▸ **Work instruction**
Please print, exactly as written, the line containing "SAT, Ministerialprotokoller, klokkerbøker" and each line after it through the end of the material; pictures stay out.

▸ **Data excerpt**
>>>>>

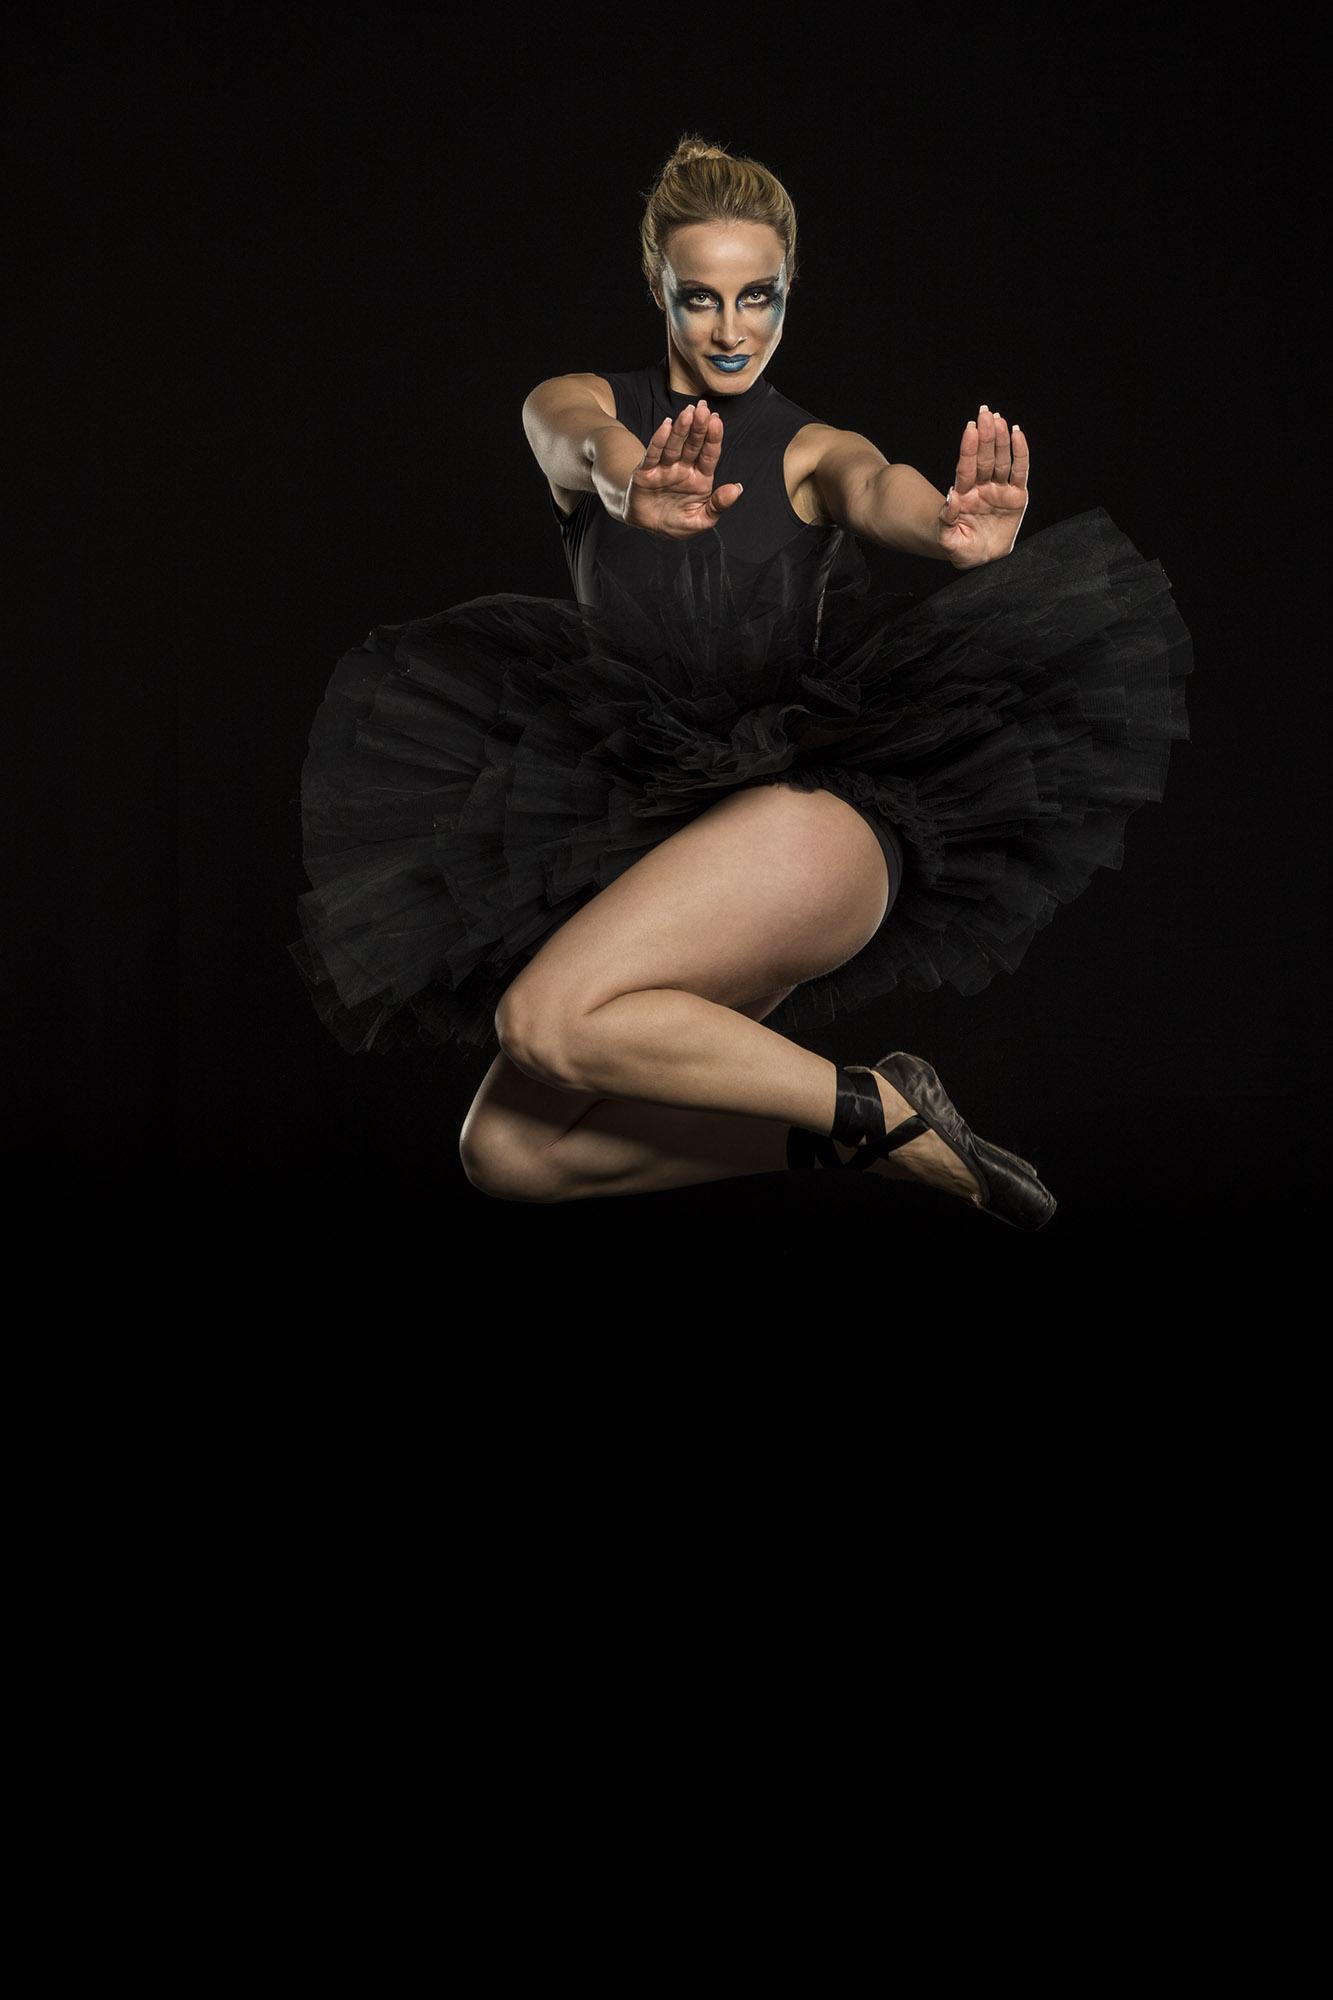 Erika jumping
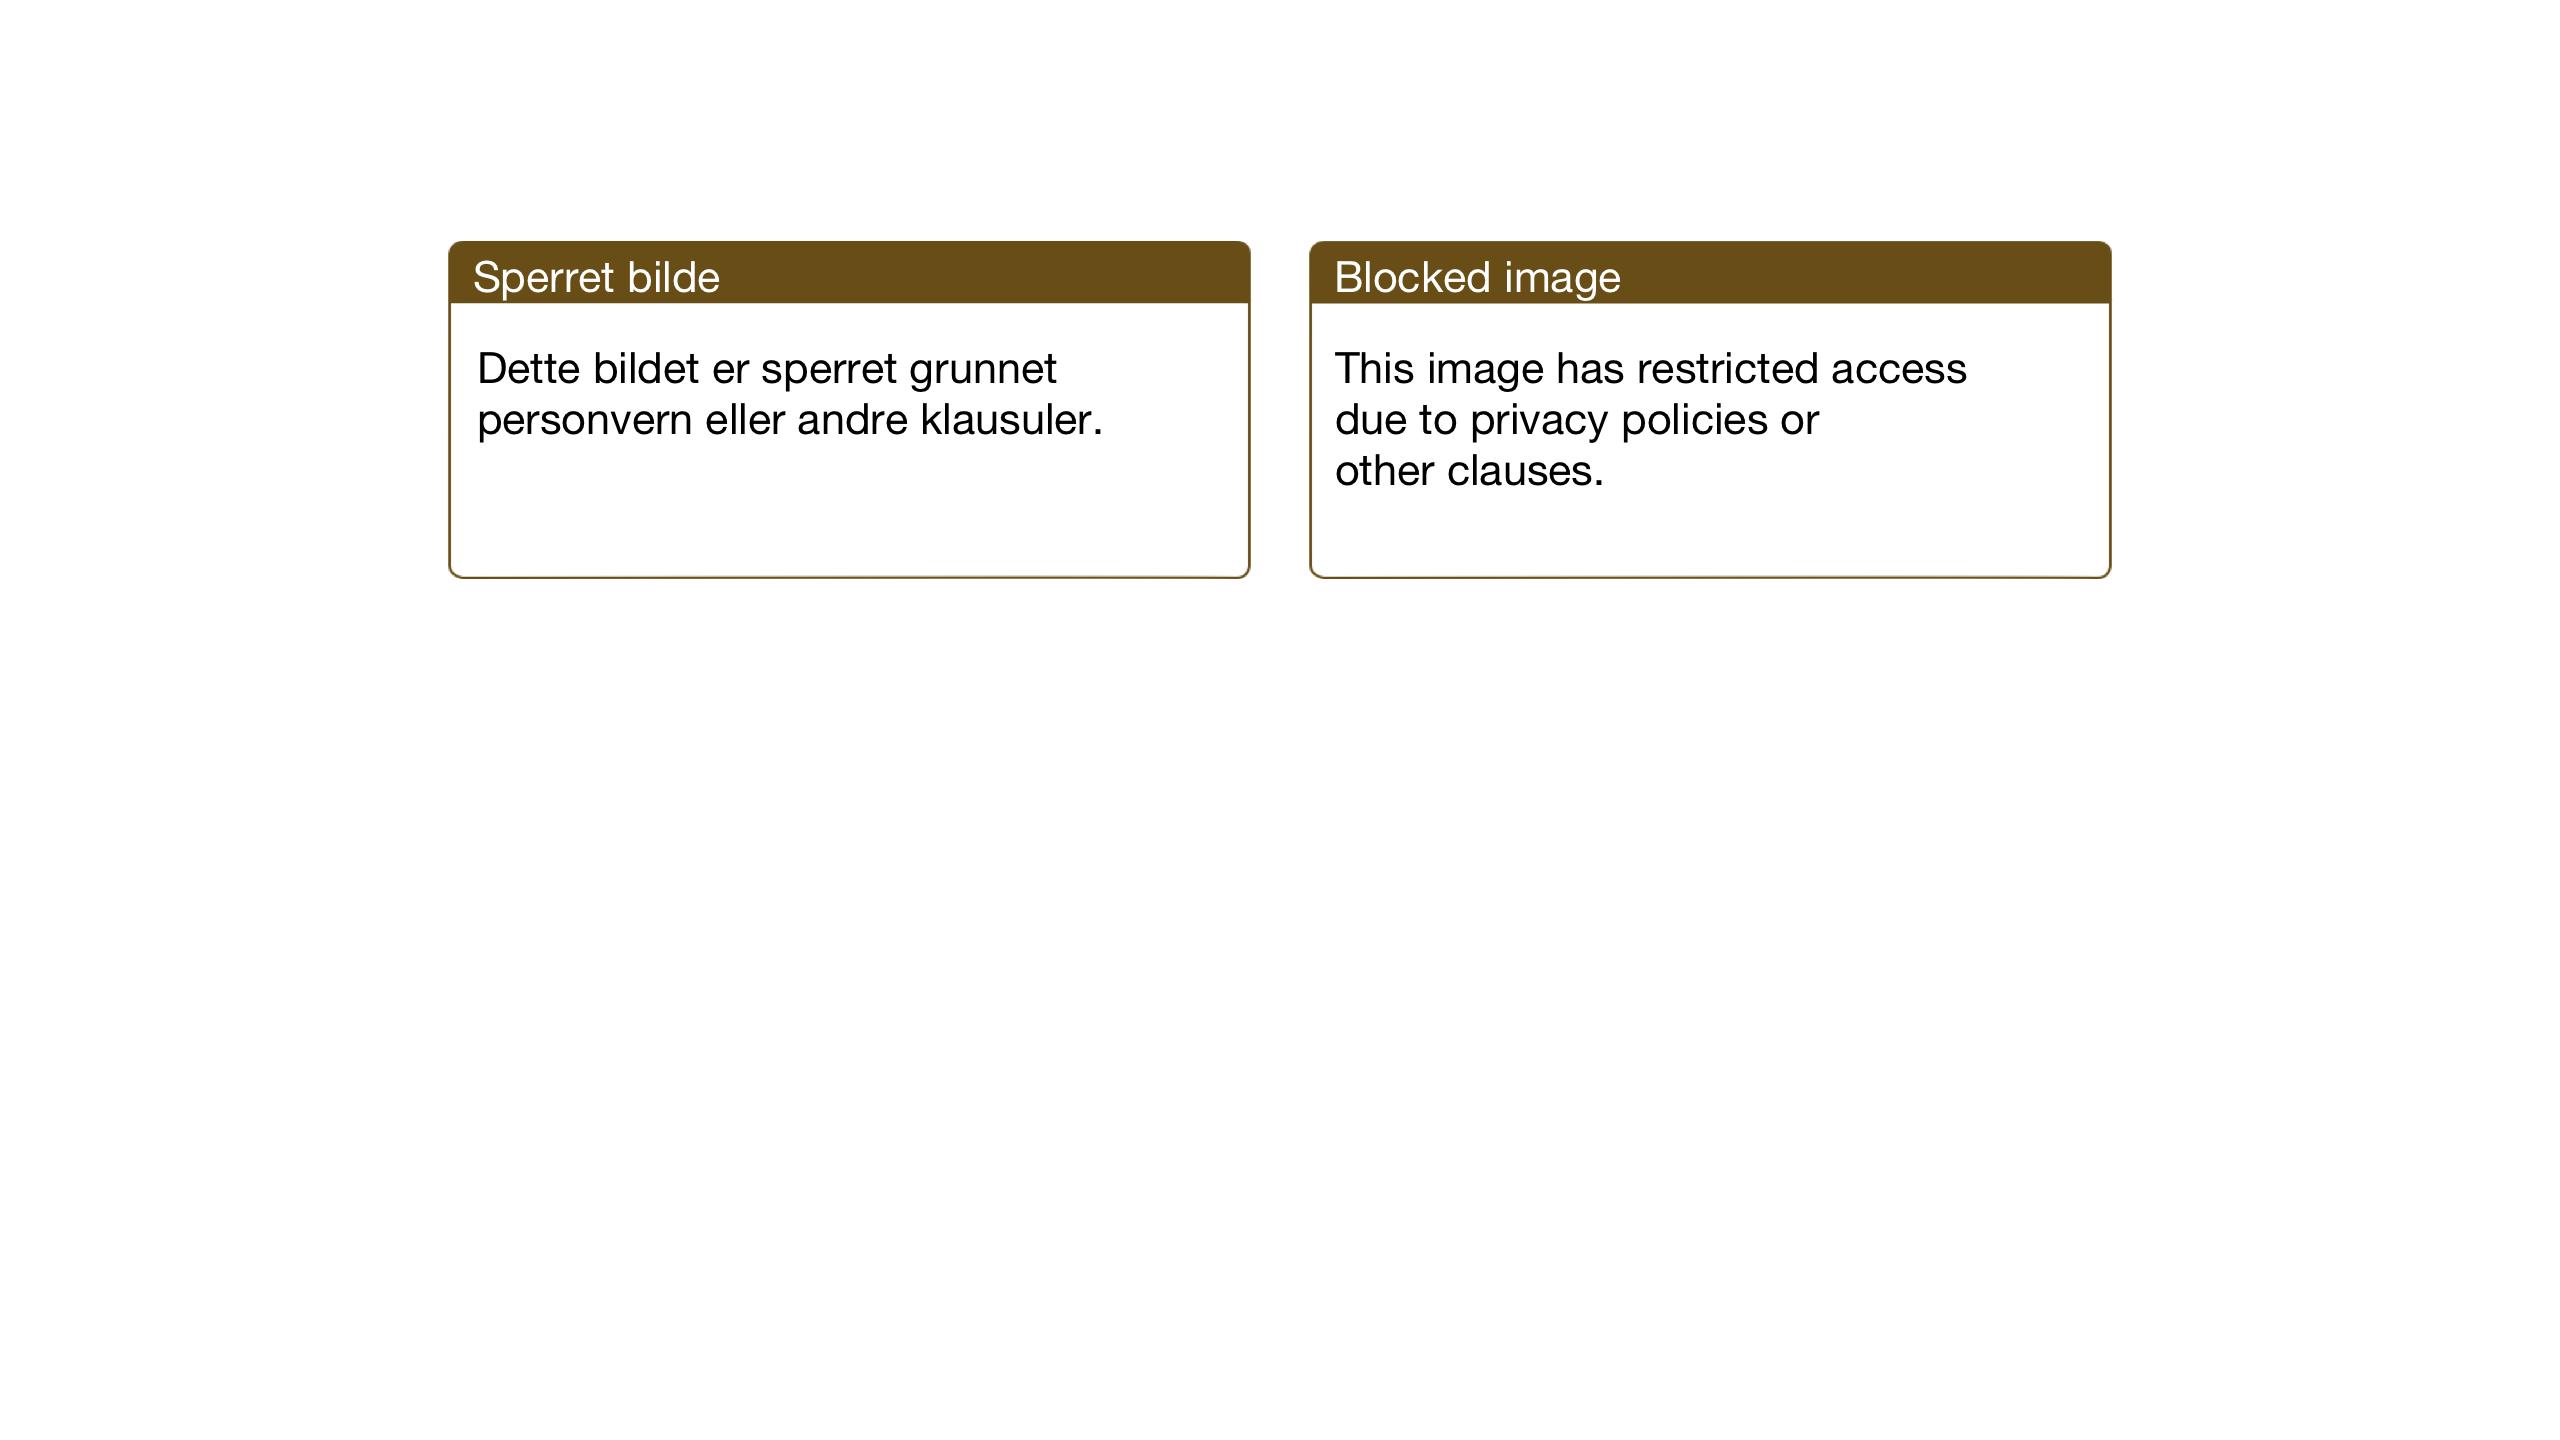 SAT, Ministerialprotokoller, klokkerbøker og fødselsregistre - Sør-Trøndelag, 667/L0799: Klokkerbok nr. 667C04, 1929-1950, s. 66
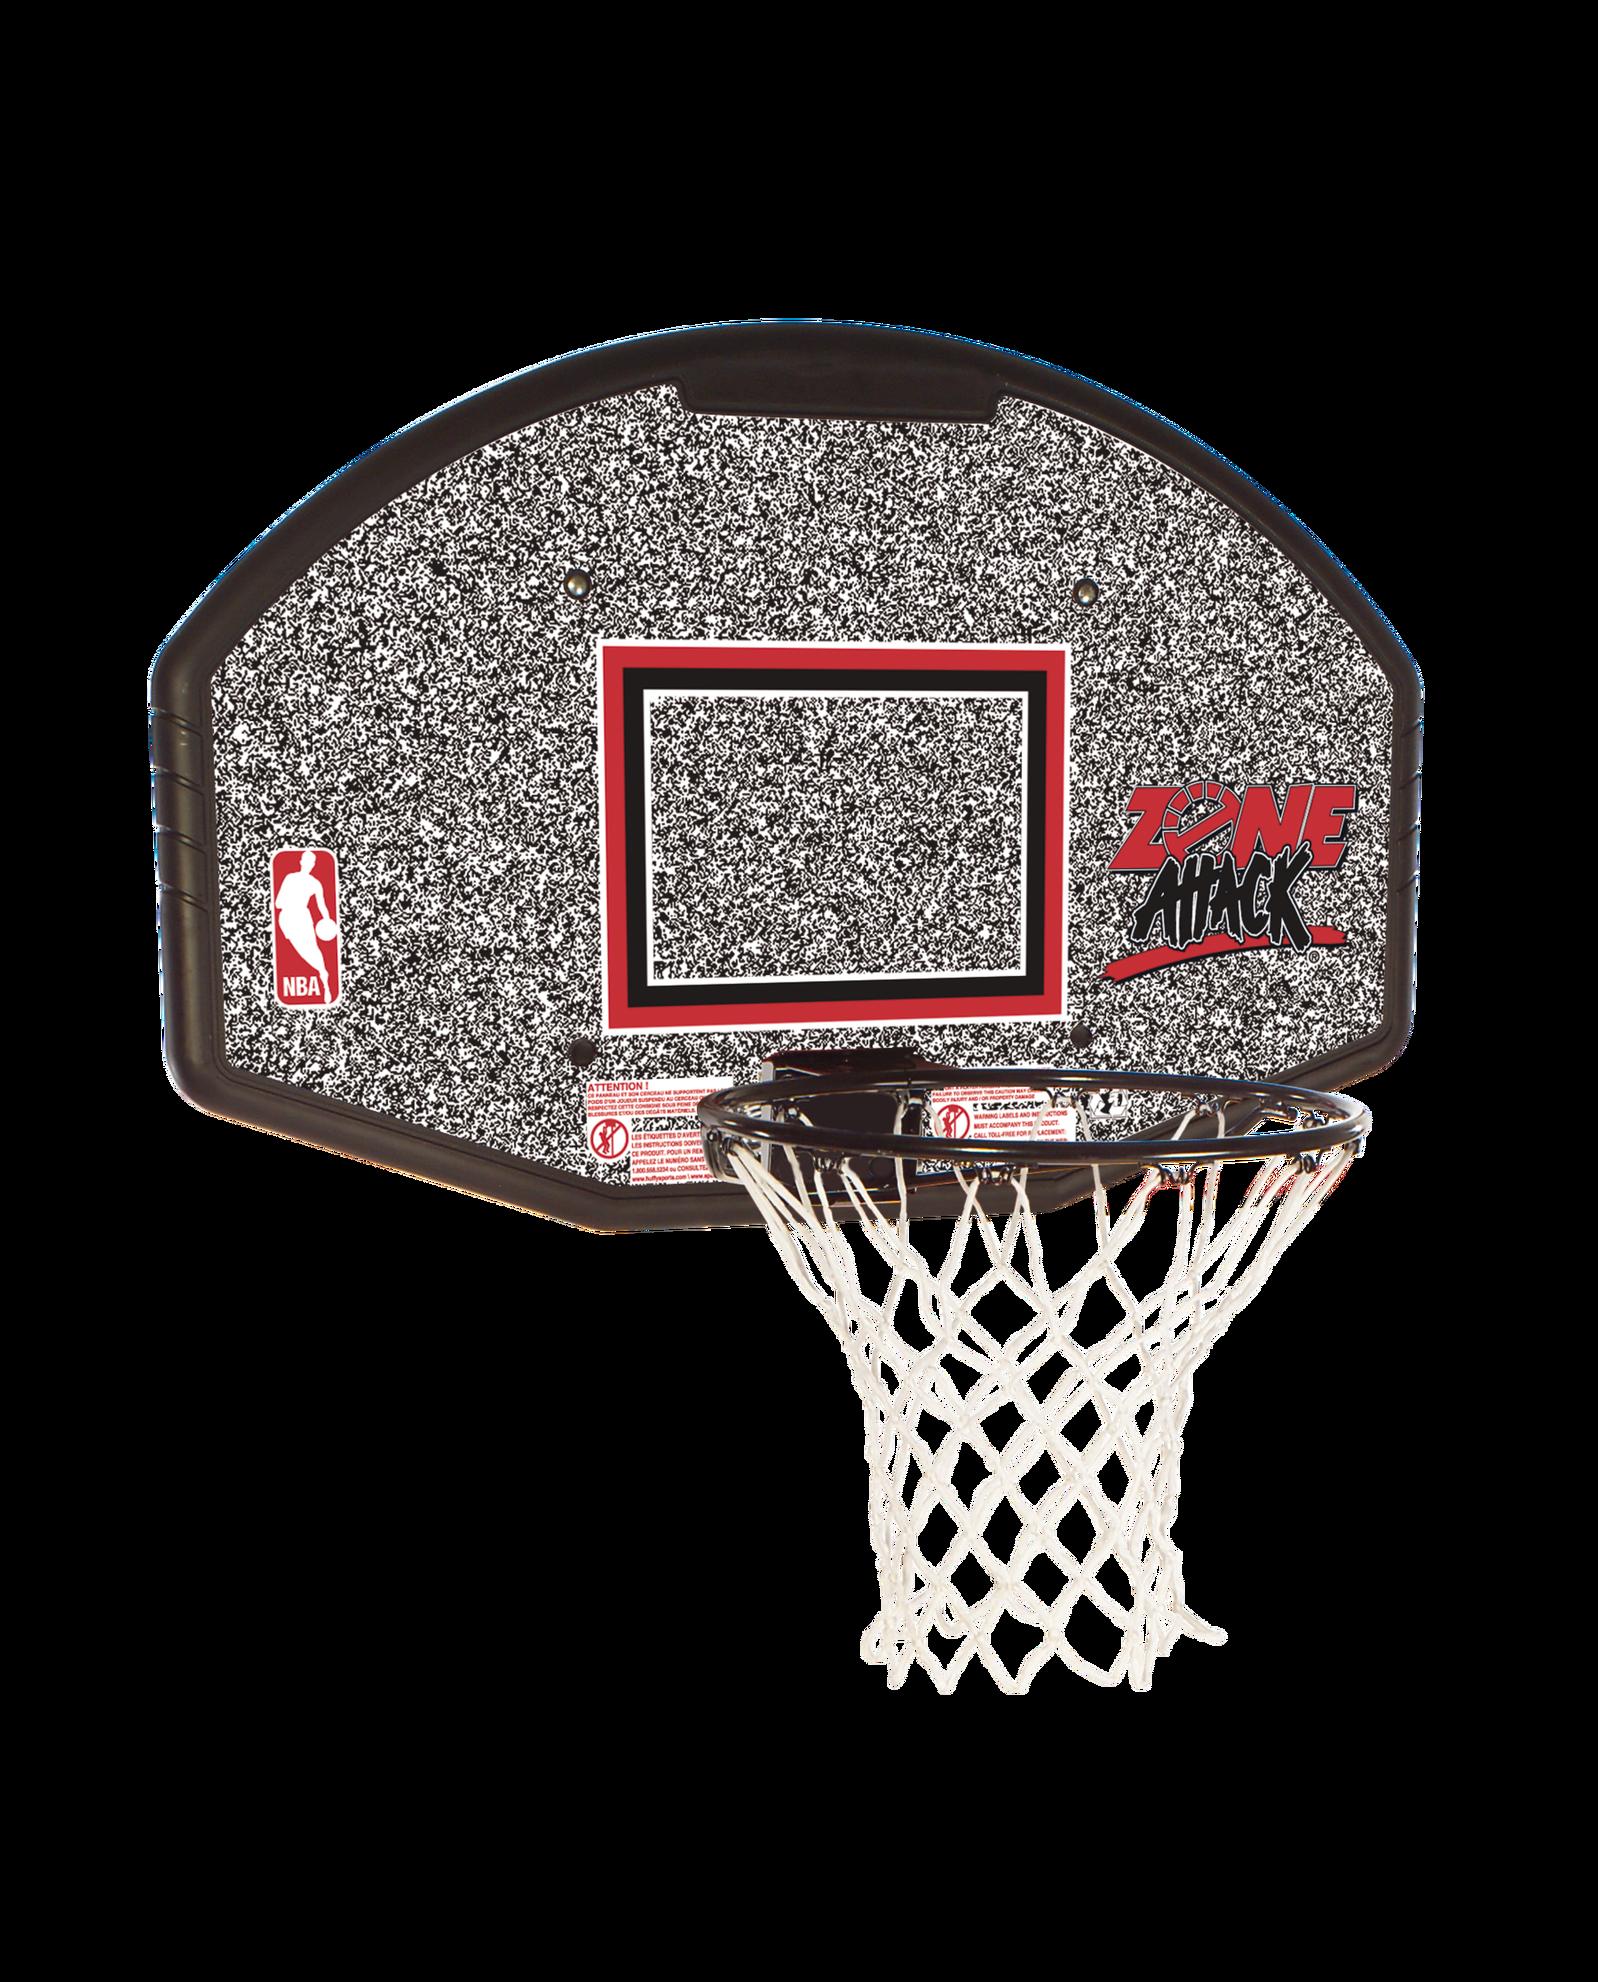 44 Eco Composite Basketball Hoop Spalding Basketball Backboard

<<<<<

▸ **Solution**
 SAT, Ministerialprotokoller, klokkerbøker og fødselsregistre - Sør-Trøndelag, 667/L0799: Klokkerbok nr. 667C04, 1929-1950, s. 66
 44 Eco Composite Basketball Hoop Spalding Basketball Backboard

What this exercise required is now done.